Bias
What is bias?
In this context, bias refers to algorithmic bias. "Algorithmic bias" refers to unintended discrimination occurring as a result of an automated decision.
Legislation defines a series of protected features. For example, in the UK, citizens are protected against discrimination on the basis of age, disability, gender reassignment, marriage and civil partnership, pregnancy and maternity, race, religion or belief, sex or sexual orientation status by the Equality Act 2010.
The unprivileged group within the protected feature (for example, people over 65 when age is the protected feature) tends to be discriminated against and as a result tends to be the one protected by legislation. The privileged group within the protected feature tends to not be discriminated against.
If you are not tackling this issue, not only is your model potentially unethical, discriminating unintentionally and at risk from a compliance point of view, but also you are potentially leaving customer groups underserved and thus leaving money on the table.
Bias Metrics Scan
Some of the metrics commonly used in the algorithmic fairness literature that the Etiq library provides are:
Metrics | Description |
---|---|
Equal Opportunity | measures the difference in true positive rate between a privileged demographic group and an unprivileged demographic group |
Demographic Parity | measures the difference between number of positive labels out of total from a privileged demographic group vs. a unprivileged demographic group) |
Equal Odds TNR | measures the difference between true negative rate - privileged vs. unprivileged The full measure in the literature looks for an optimal point where the difference in true positive rate between demographic groups as well as the difference in true negative rate between demographic groups are both minimized |
Individual Fairness | measures whether individuals with similar features observe the same model responses |
Our Bias Metrics scan uses the metrics above with certain thresholds to see if the model meets that benchmark or not.
The syntax to run the scan after you’ve logged a snapshot is:
snapshot.scan_bias_metrics()
The thresholds are set by the user, but most metrics are ideally as close to 0 as possible, meaning that the model shouldn't really behave differently (and with detrimental outcomes) for the protected groups.
The consensus in the literature (and our view) is that algorithmic bias can be mitigated but not removed entirely.
This is still a new area of research, and the metrics available can be misleading. For more resources please see our research post on this topic.
Bias Sources Scan
Our Bias Sources scan identifies potential sources of bias based on a framework that includes:
Sources | Description |
---|---|
Proxies | features that are proxy for demographics |
Sample size disparity | difference in sample sizes and size of positive/negative labels between protected demographic and the majority demographic group |
Segment size | are some customer profiles poorly represented in your sample? |
Limited features / correlation issue | features are less reliable for a certain demographic group this is oftentimes linked with sampling but more fundamentally it could be that some groups' behaviour is less well encoded by available features |
It is useful to look at these metrics globally to uncover issues across your sample. But a lot of the issues will only be visible for specific groups or specific records. The Bias Sources scan aims to identify which groups have the issues above.

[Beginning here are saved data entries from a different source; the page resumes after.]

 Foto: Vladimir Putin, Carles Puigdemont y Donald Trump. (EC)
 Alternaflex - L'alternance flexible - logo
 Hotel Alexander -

Bias sources scan is ran on training dataset by default as this is where the potentially harmful unfairly discriminatory pattern is learned by your model. You will not be running this scan in production. Bias metrics is ran on the validation dataset.

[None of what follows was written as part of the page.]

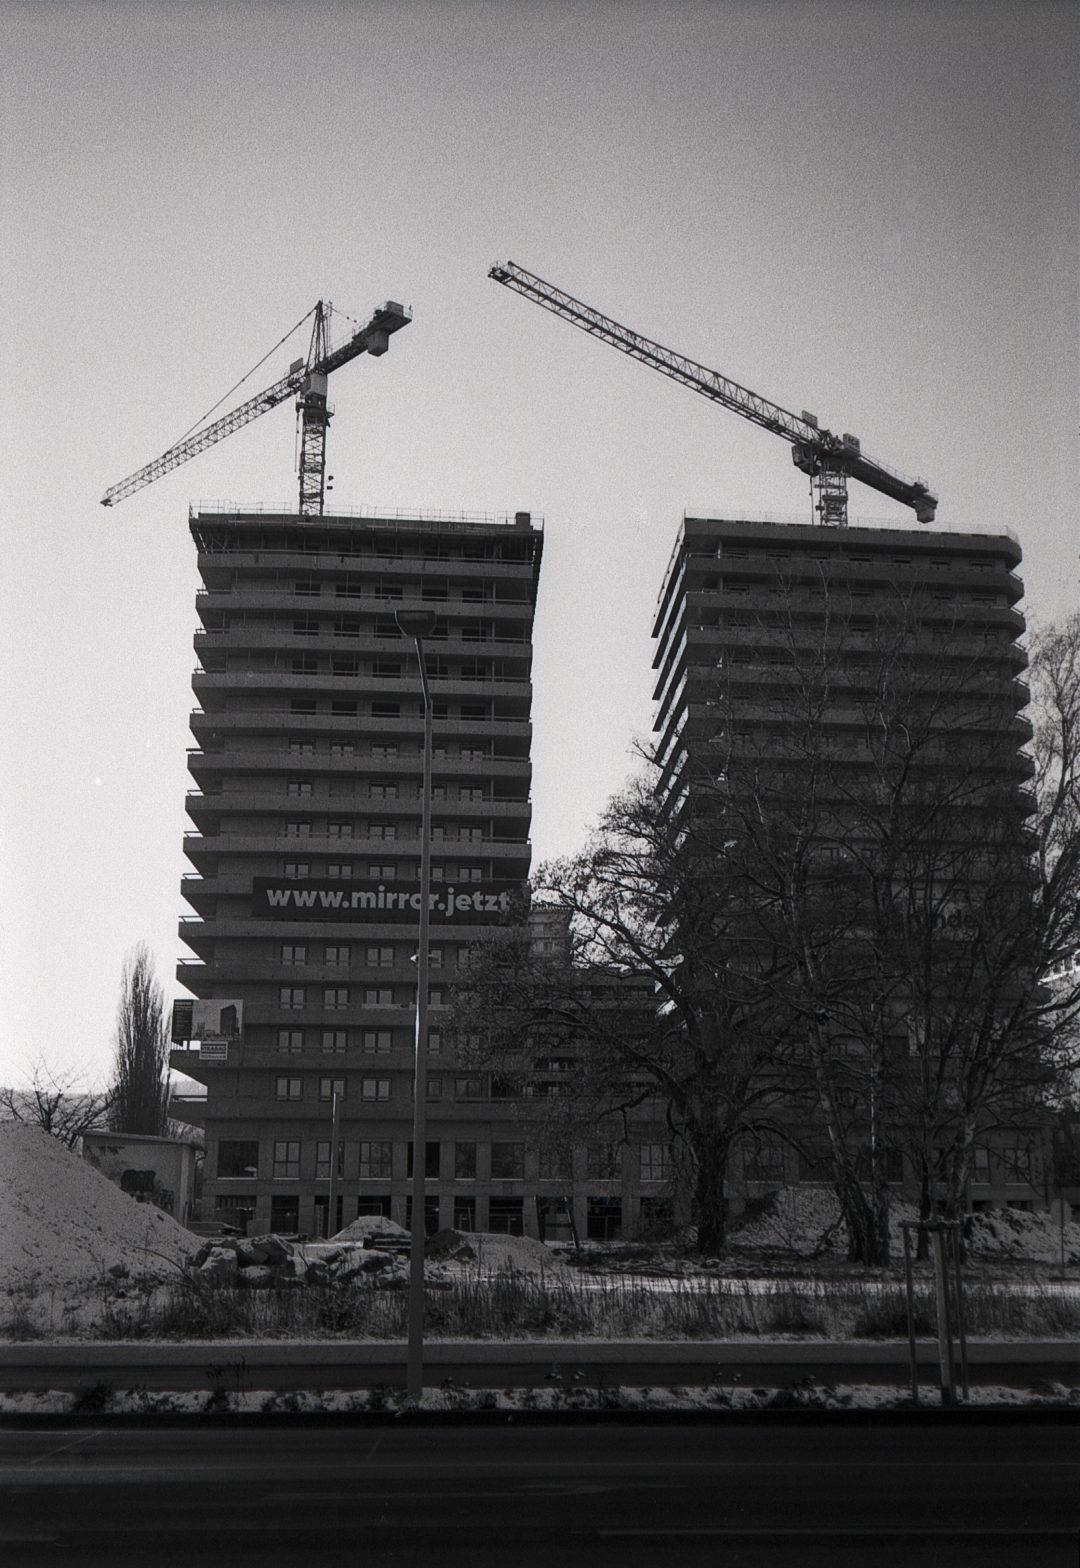 #018 Film per day – Reininghaus Mirror Building, Graz

The syntax to run the scan after you've logged the relevant config file and a snapshot is:
snapshot.scan_bias_
sources()
You have two options of bias sources scans to run:
if you don't set anything in the config, the segments will be fuzzy rather than business rules.

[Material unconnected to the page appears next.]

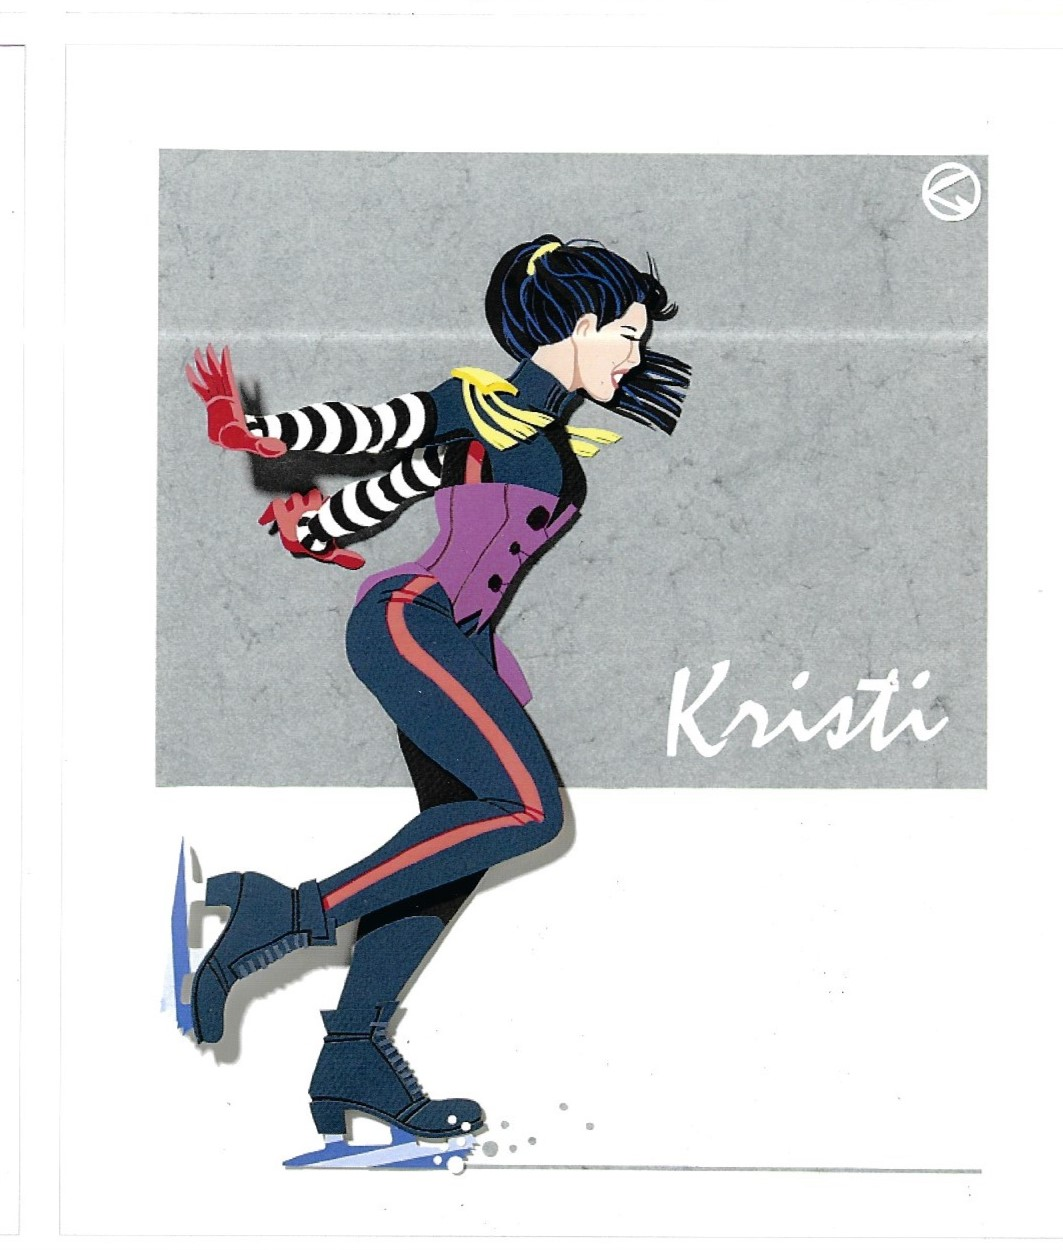 Kristi Yamaguchi CPS

if you set the option: auto in the config (as in the current config we are using) then the segments will be based on business rules.
If you use the auto option, you will need to specify the categorical and continuous features. You can do this either from the config as in this case:
Or you can run it from the notebook:
We provide multiple correlation measures to be used based on the type of features: Pearson, Cramer's V, Rank-Biserial, Point-Biserial. Remember to clarify in the config or the snapshot which features are of which type to be able to use fully the multiple measure functionality. You can customize this in the config, but the default and recommended version is below:
"continuous_continuous_measure" : "pearsons"
"categorical_categorical_measure": "cramersv"
"categorical_continuous_measure": "rankbiserial"
"binary_continuous_measure": "pointbiserial"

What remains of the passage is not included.